Under [MCMC params]:

[MCMC_params]
parallel = true
ncpu = 30

nsteps=3000
frac_burnin = 0.6

fitspot = true
fitfac = true

fitThet = true
fitTphot = true

fitlogg_phot = true
fitlogg_het = true

fitFscale = true
fiterrInfl = true

parallel: Whether to use multiprocessing (true recommended).
ncpu: Number of CPUs for parallel MCMC run.
nsteps: Number of steps for each MCMC chain (5000+ recommended for analysis).
frac_burnin: Fraction of chain steps discarded as burn-in (e.g., 0.6).
fitspot / fitfac: Whether to fit spot/faculae covering fractions.
fitThet / fitTphot: Whether to fit spots/faculae/photosphere temperature.
fitlogg_phot / fitlogg_het: Whether to fit log(g) for photosphere and/or heterogeneity.
fitFscale: Fit a flux scaling factor to match observed/model spectra.
fiterrInfl: Fit an error inflation factor to relax the provided data error bars if model/data mismatch is large.

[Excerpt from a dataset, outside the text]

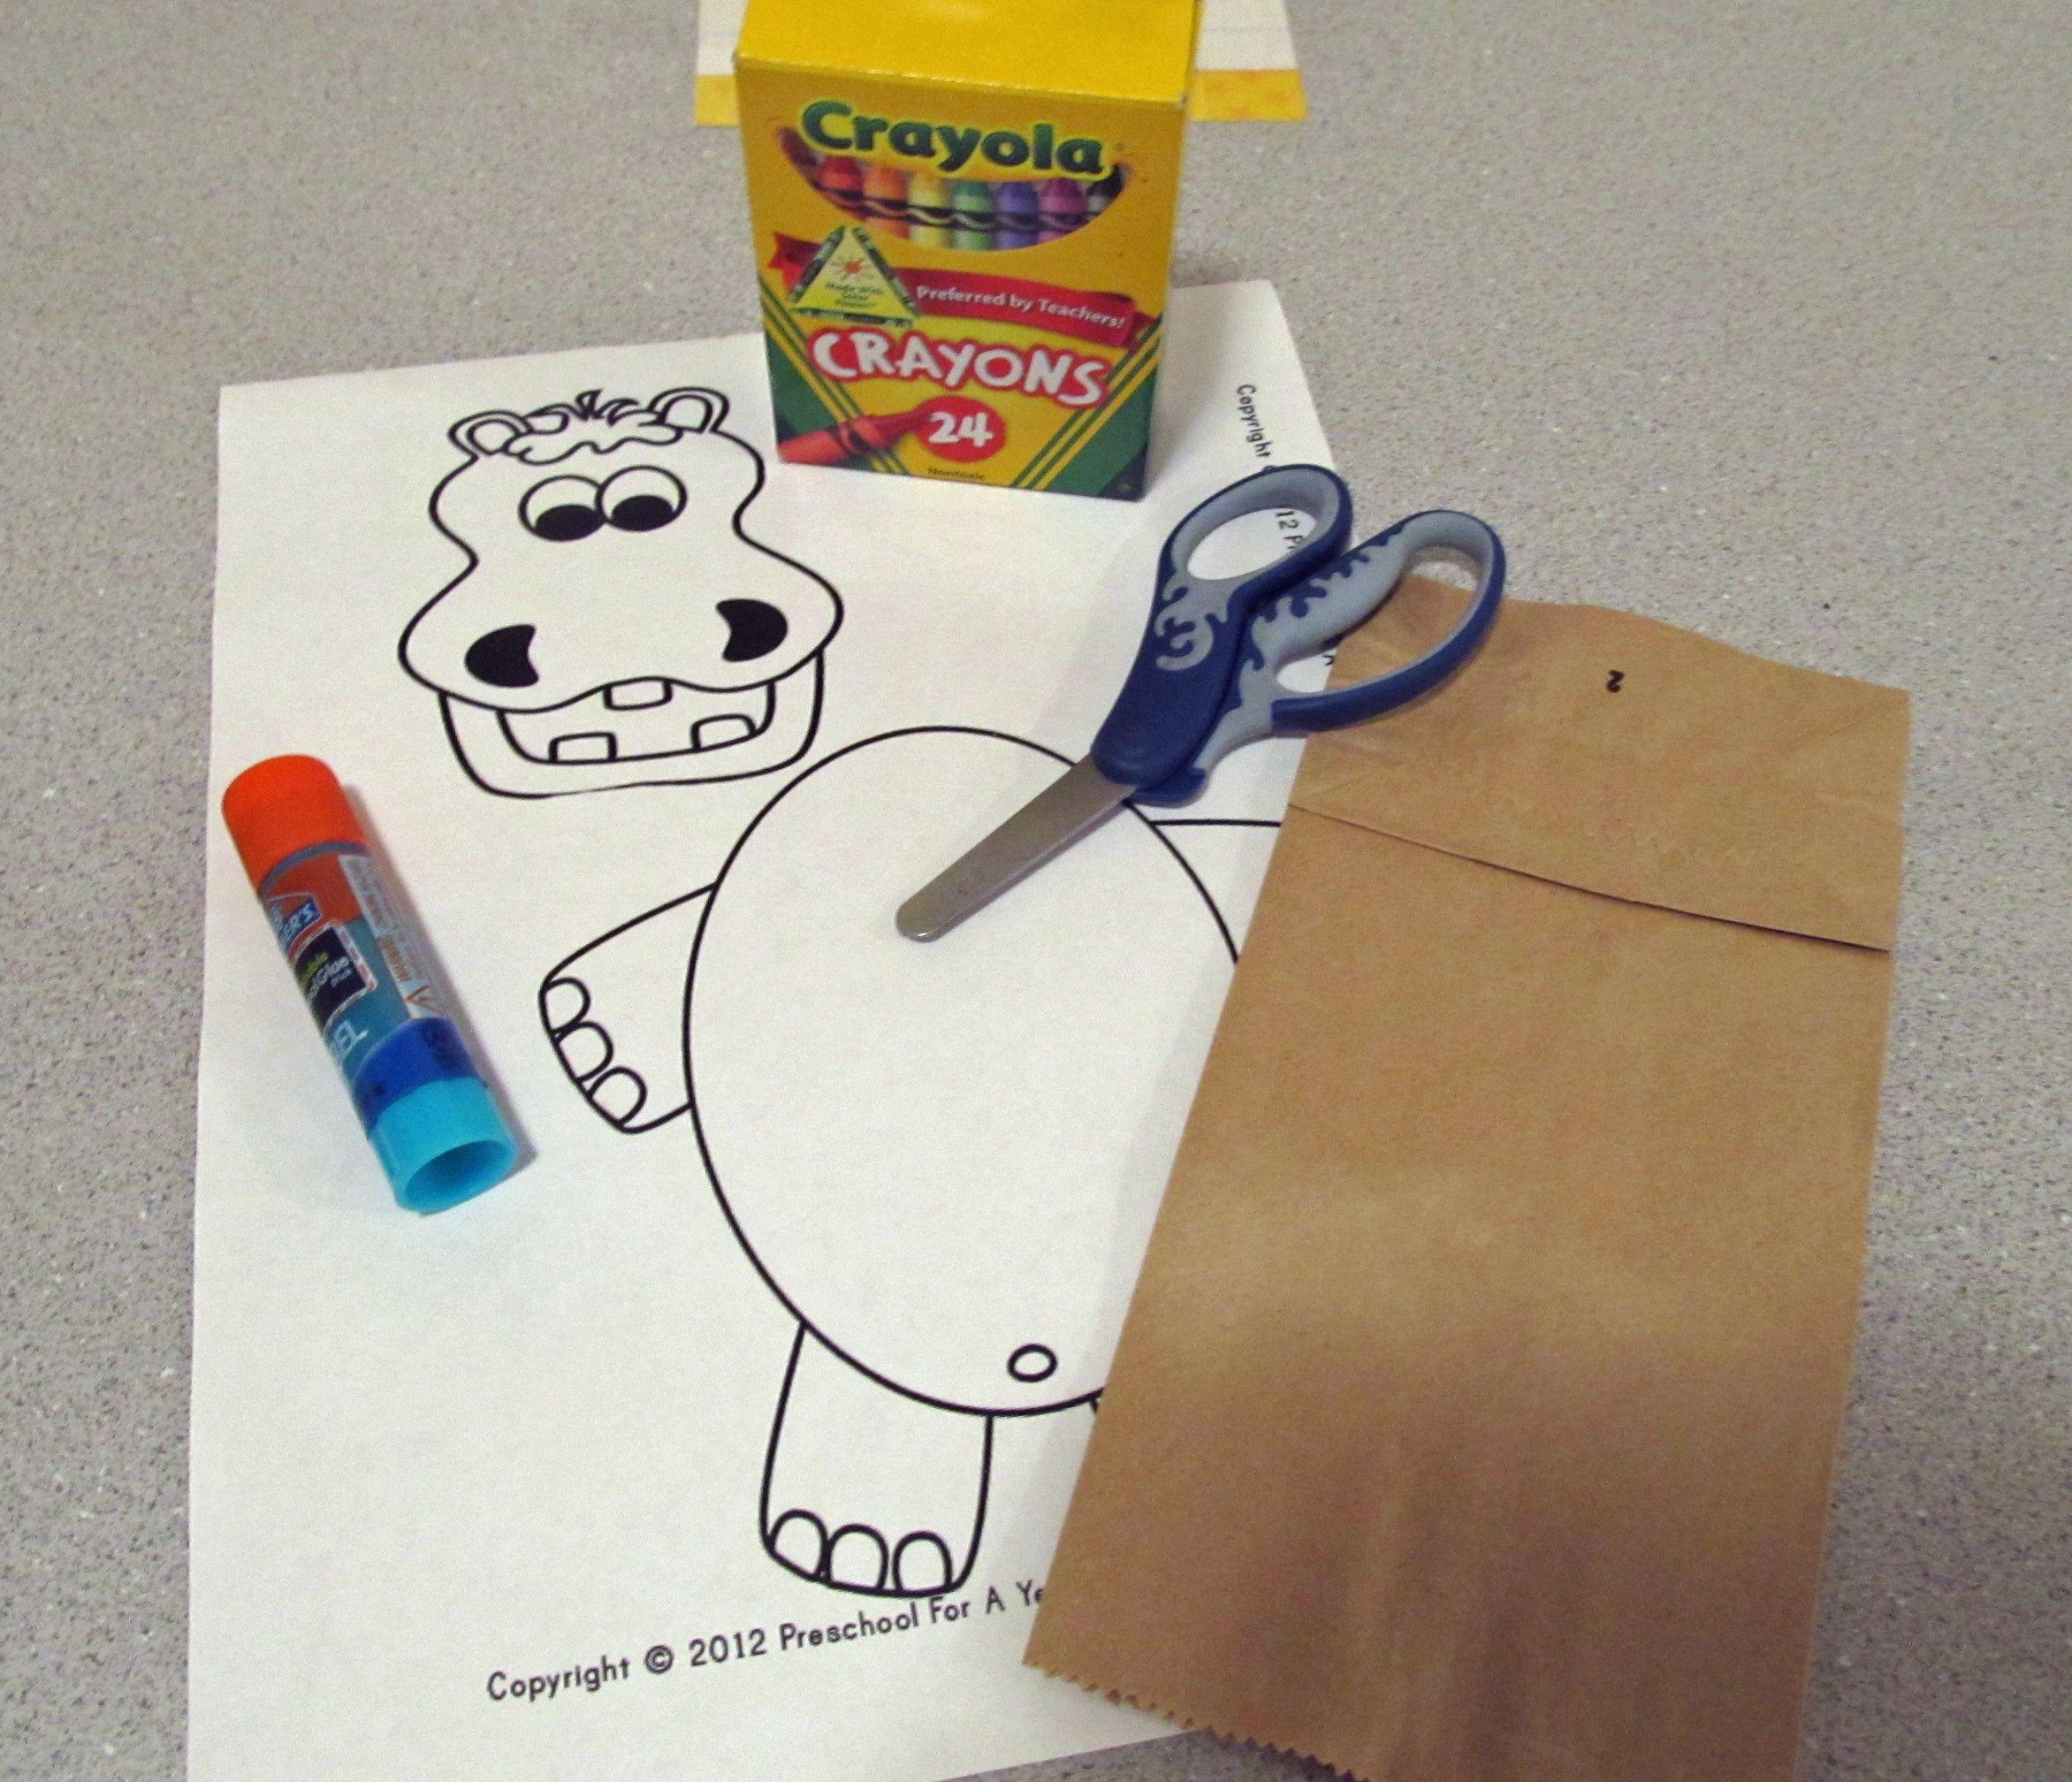 Online Preschool Program Supplies Needed For Letter H

Priors on the fitted parameters

Under [priors]:

[priors]
gaussparanames = "Tphot"
hyperp_gausspriors = [2566,70]

fitLogfSpotFac = [0,0]
hyperp_logpriors = [-5,0]

gaussparanames: List of parameters to apply a Gaussian prior (e.g. ["Tphot","ffac").
hyperp_gausspriors: Mean and std for each Gaussian prior. For multiple parameters: e.g. [[mean1,std1],[mean2,std2]]
fitLogfSpotFac: Specifies if spot/faculae priors are uniform in linear (toggle 0) or log space (toggle 1).
hyperp_logpriors: Bounds for log-priors ([lowerBound,upperBound]).

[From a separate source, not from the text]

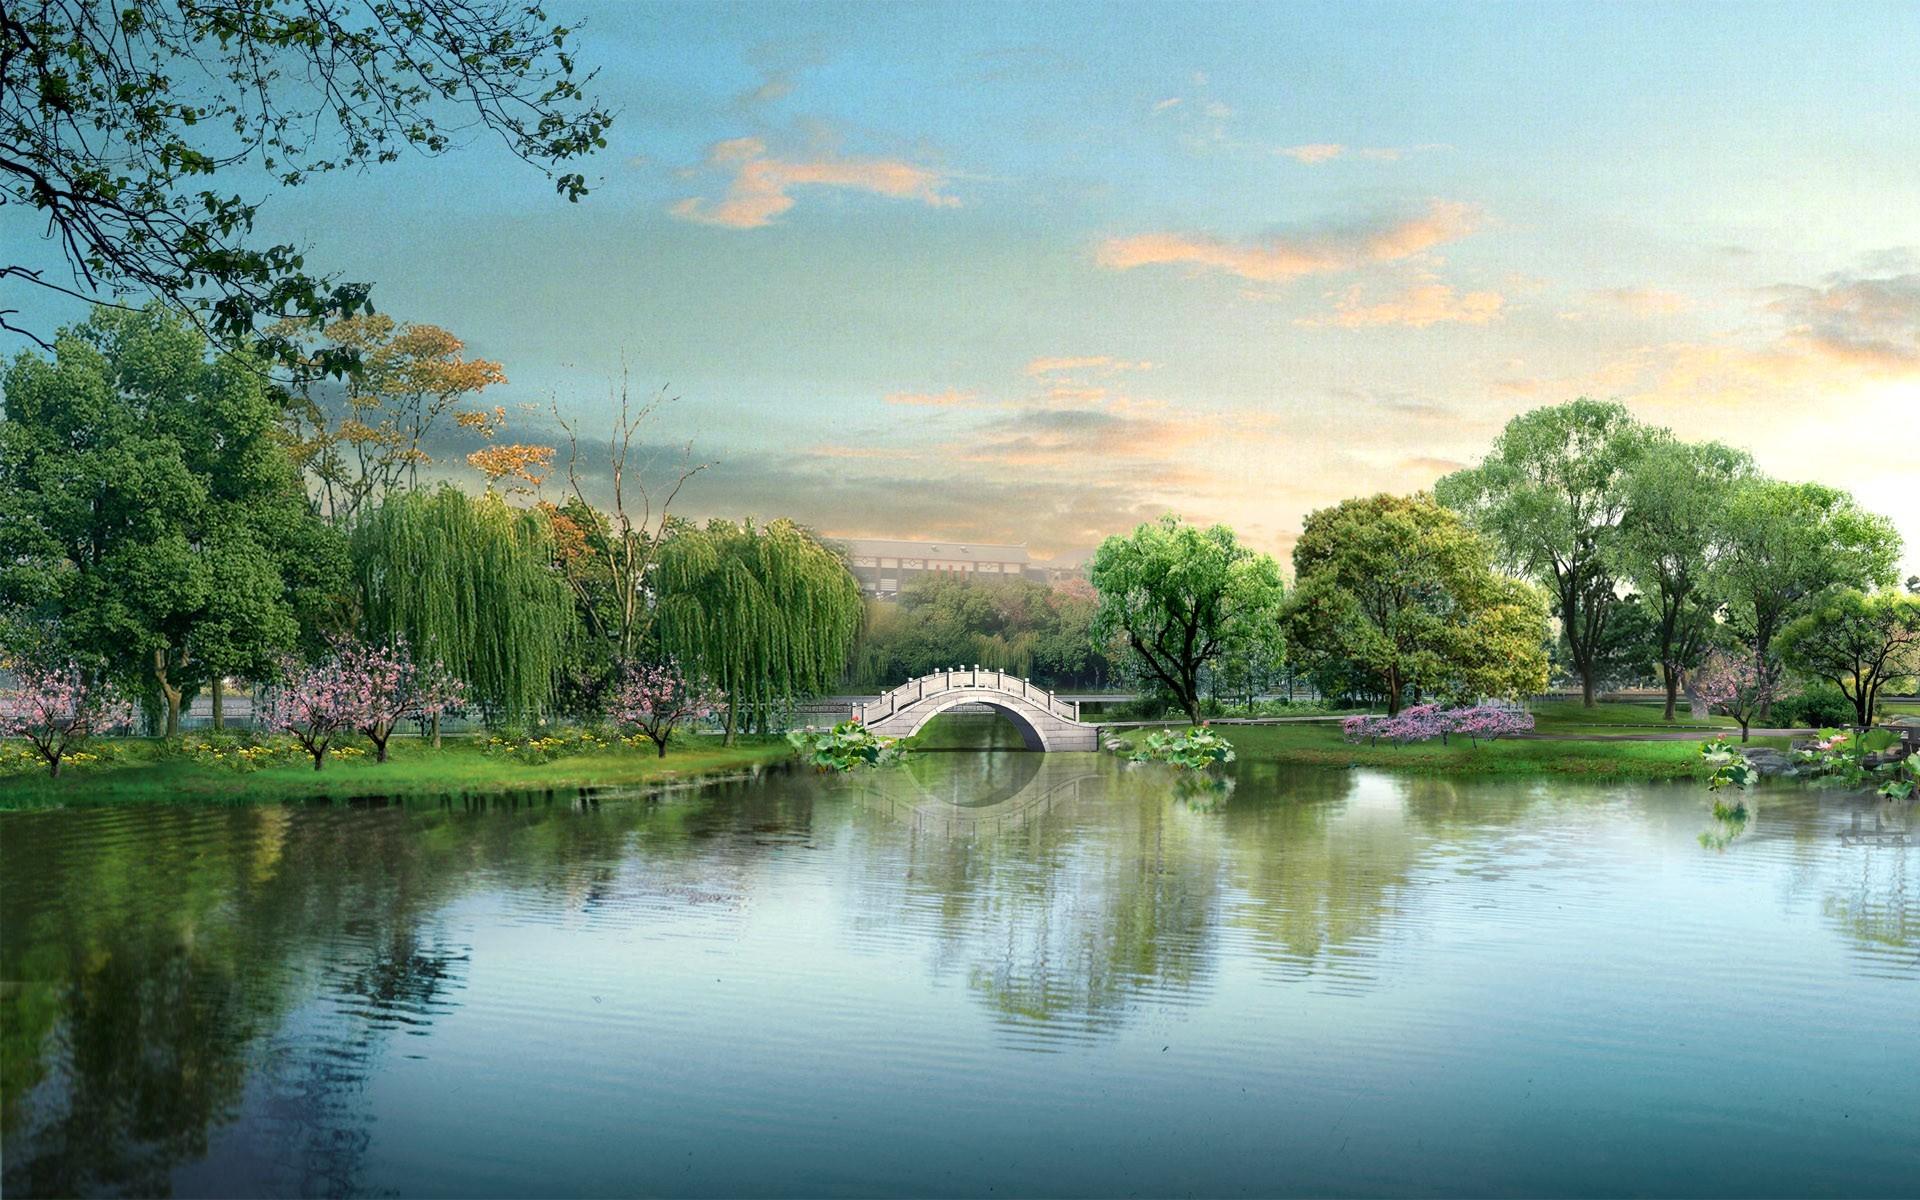 beautiful landscape photos | beautiful nature landscapes wallpapers hd  widescreen desktop wallpaper .

Beyond the flexibility provided in the .toml file, you can look up the logic in get_param_priors() in stctm/exotune_utilities.py.

Plotting

Under [plotting]:

[plotting]
pad = 0.25
target_resP = 300

pad: Padding in microns to adjust spectra plot axis boundaries.
target_resP: Resolving power model spectra are downgraded to when plotted.

Post-processing

By default, exotune generates and saves the following files to a custom directory created under exotune_results/, starting with the prefix “fit”. If only preprocessing is run (i.e., optimize_param = True), or if the starting point is a time-series of spectra, the results from this preprocessing step will be in a folder starting with “preprocessOnly”.

Inputs and recordkeeping:

Copy of run script, TOML file, and exotune_utilities.py used
Figure of the fitted spectrum
defaultparams CSV file with fit initial values

Pre-processing steps:

select_time: Median-filtered light curve marking masked intervals used in generating the median spectrum
select_wave: Median spectrum before masking, with masked wavelength intervals shaded
get_fscale: Initial model/data comparison used for scavenging the starting value of Fscale

Outputs (CSV files):

pandas: Fitted parameters from chain, with log-likelihood and log-probability
bestfit: Best-fit value (maximum likelihood), max-probability, and percentiles for quoting
bestfit_stats: Model comparison statistics: best-fit model index, reduced chi-squared, and BIC
fixedR_1_2_3_sigma: Model spectra at the plotted resolving power (default target_resP) for max-likelihood, max-probability, and percentile intervals
blobs_1_2_3_sigma: Model spectra integrated in observed data bins for max-likelihood, max-probability, and percentiles

Calculated models:

NPY file containing “blobs”: the series of models from MCMC sampling

Diagnostics figures:

chainplot: Chain plots, before and after burn-in
bestfit_model: Plot of the best-fit model over data

Publication-ready figures:

resP..._1_2_3_sigma: Fitted spectra with 1/2/3 sigma intervals at high resolution (resolving power target_resP), log or lin wavelength axis
combo_resP..._1_2_3_sigma: Top: fitted spectrum and intervals; Bottom: marginalized posterior distributions for component parameters
1_2_3_sigma: Fitted spectrum with intervals using data bin integration
Corner plot of post-burnin samples

Please let me know (or create a pull request!) if there are additional outputs that would be useful defaults.